Top of Dataset content
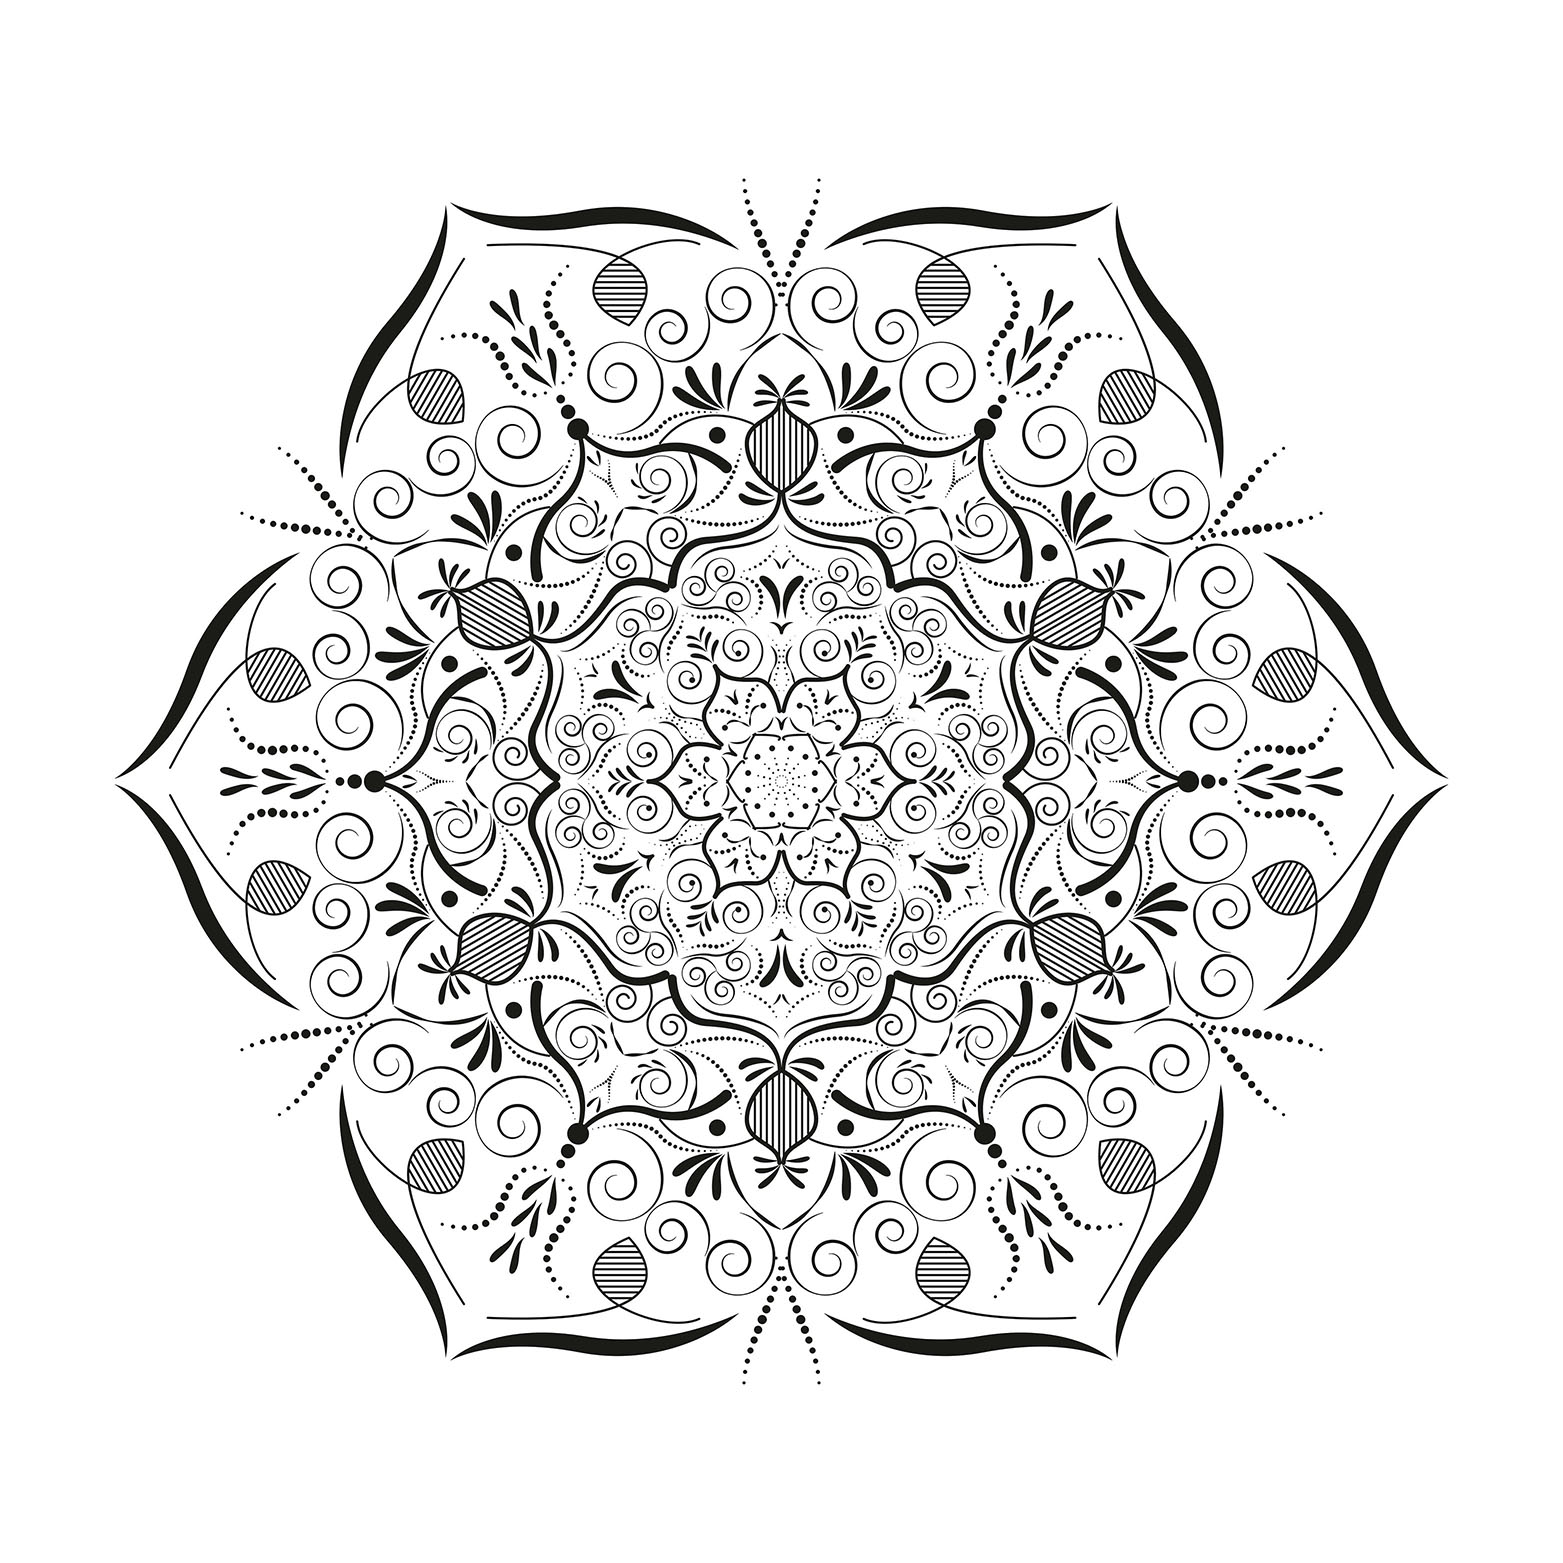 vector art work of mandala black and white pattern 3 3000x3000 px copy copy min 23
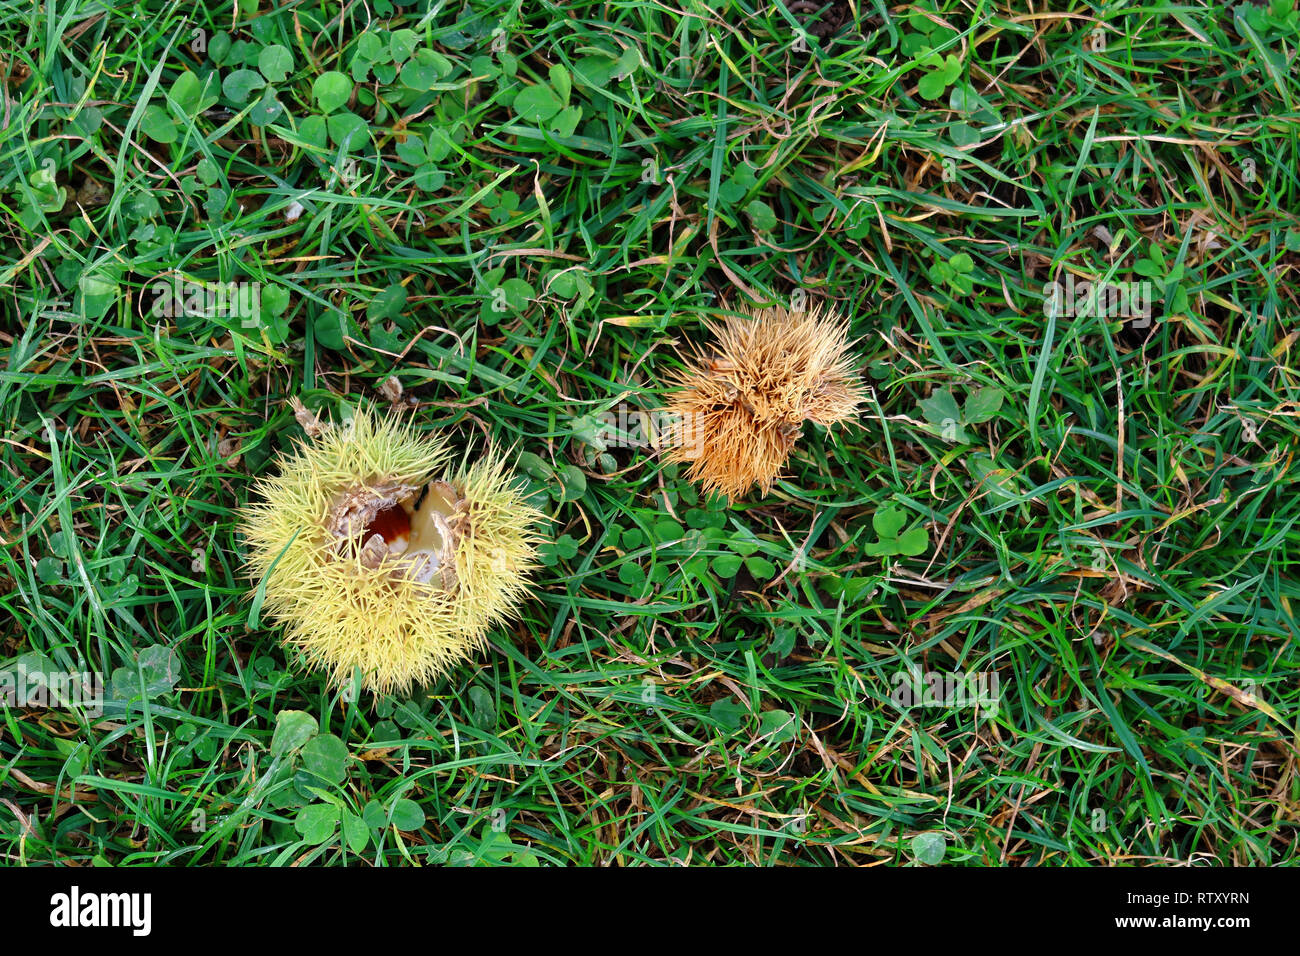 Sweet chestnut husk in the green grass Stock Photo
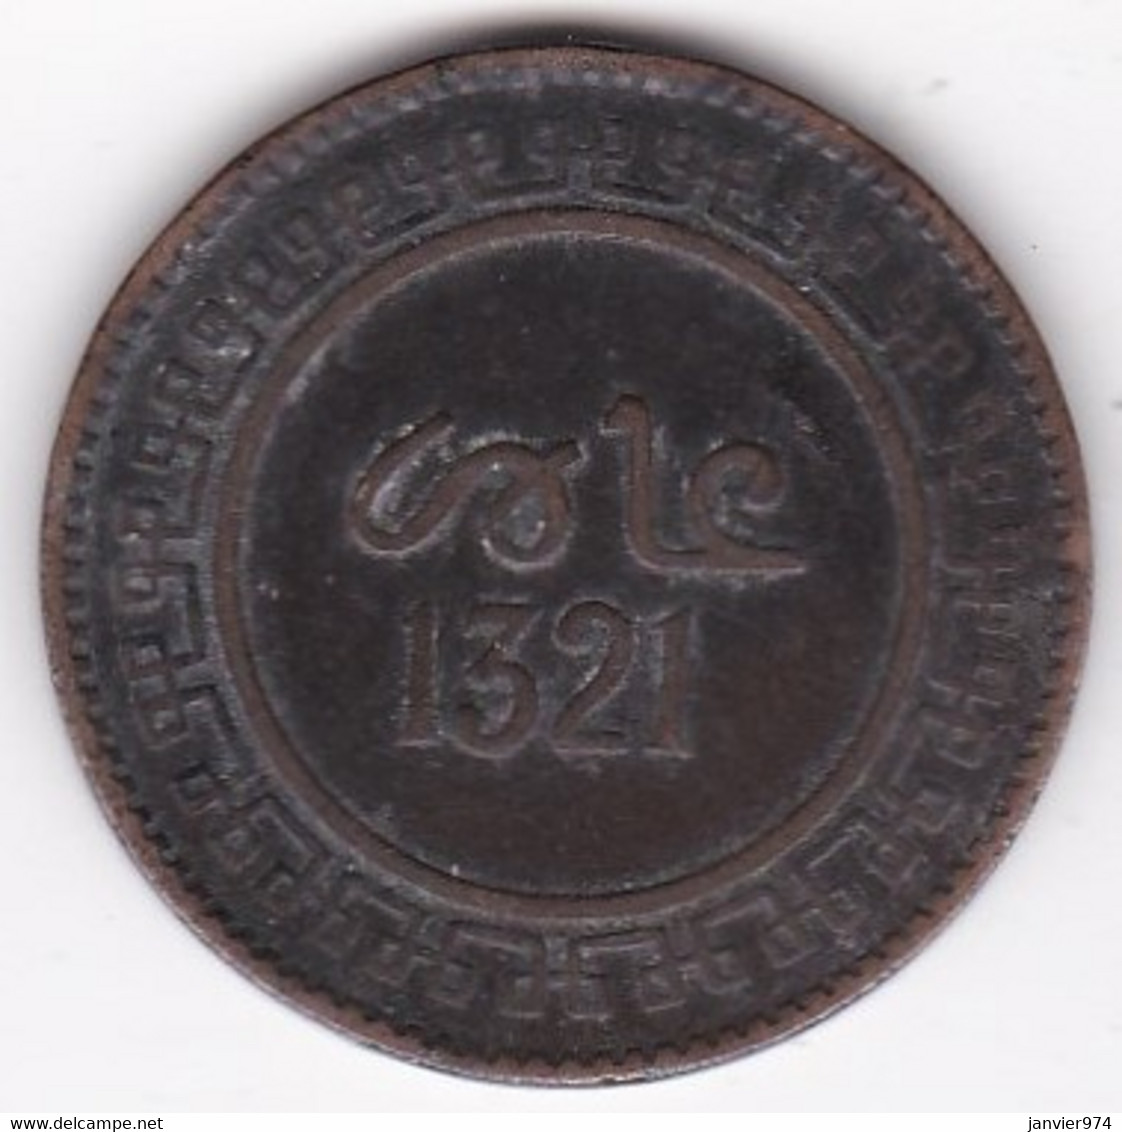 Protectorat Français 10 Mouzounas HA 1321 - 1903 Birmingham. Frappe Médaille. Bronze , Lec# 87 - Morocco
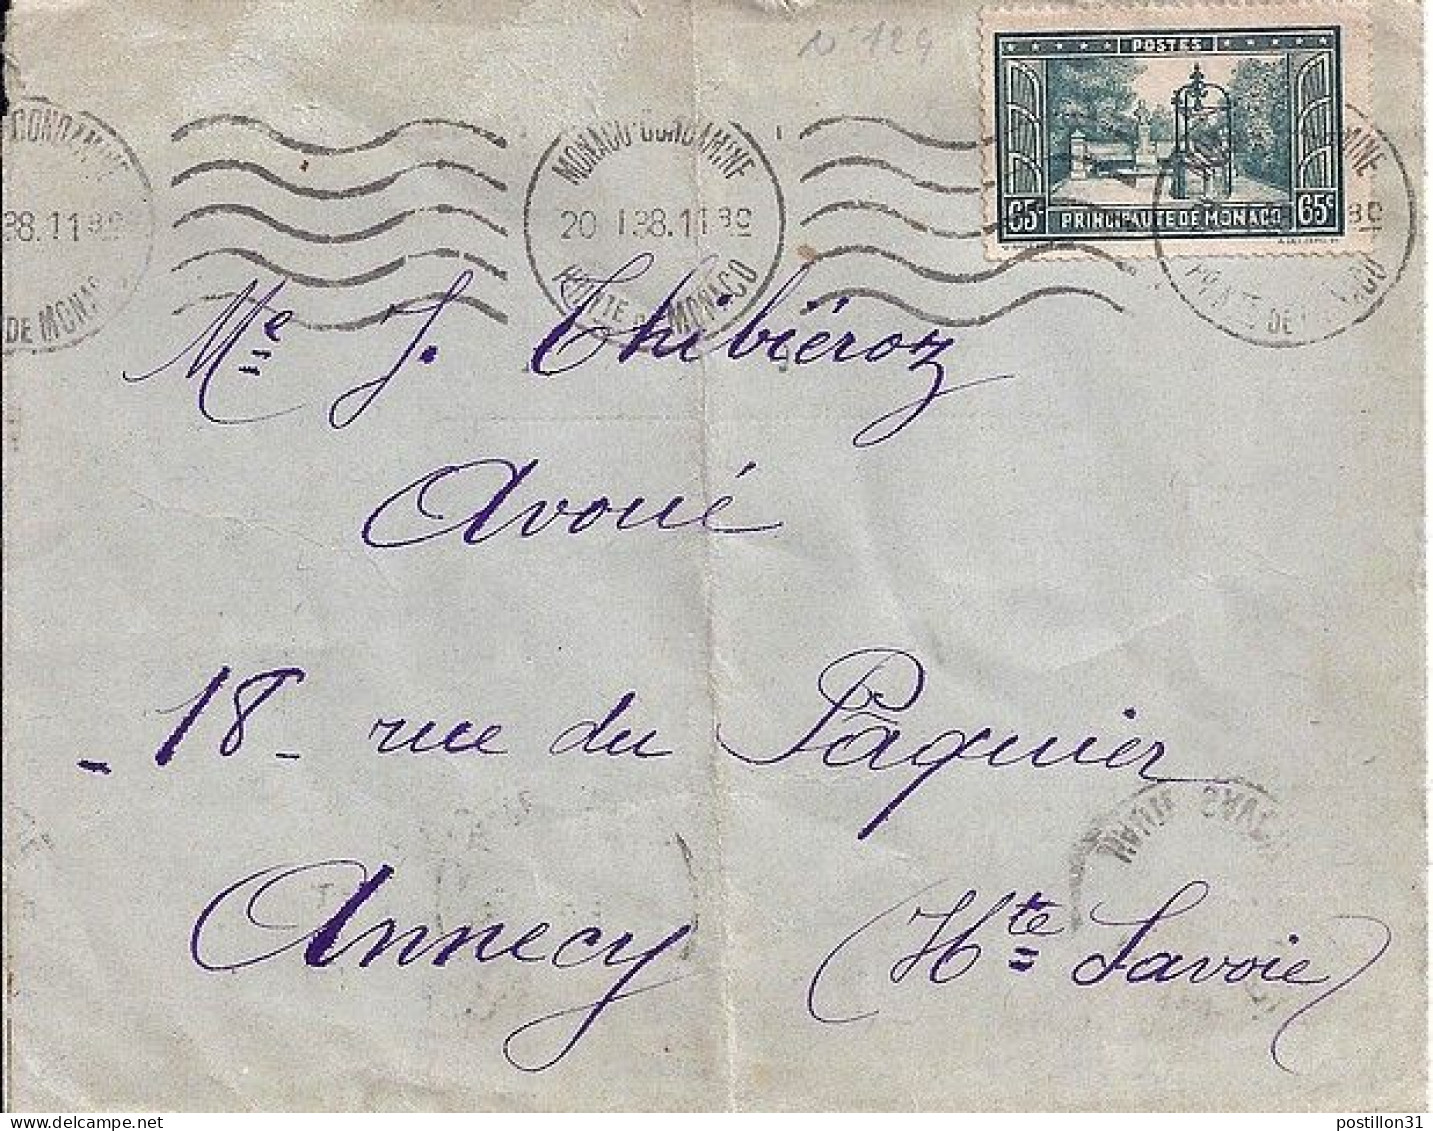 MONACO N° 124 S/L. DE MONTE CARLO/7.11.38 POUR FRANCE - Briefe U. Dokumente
Bottom of Dataset content
Leave the pictures out and reproduce exactly the lines from the top of the listing above through the line with "Protectorat Français 10".

### [Solution to this task]
 vector art work of mandala black and white pattern 3 3000x3000 px copy copy min 23
 Sweet chestnut husk in the green grass Stock Photo
 Protectorat Français 10 Mouzounas HA 1321 - 1903 Birmingham. Frappe Médaille. Bronze , Lec# 87 - Morocco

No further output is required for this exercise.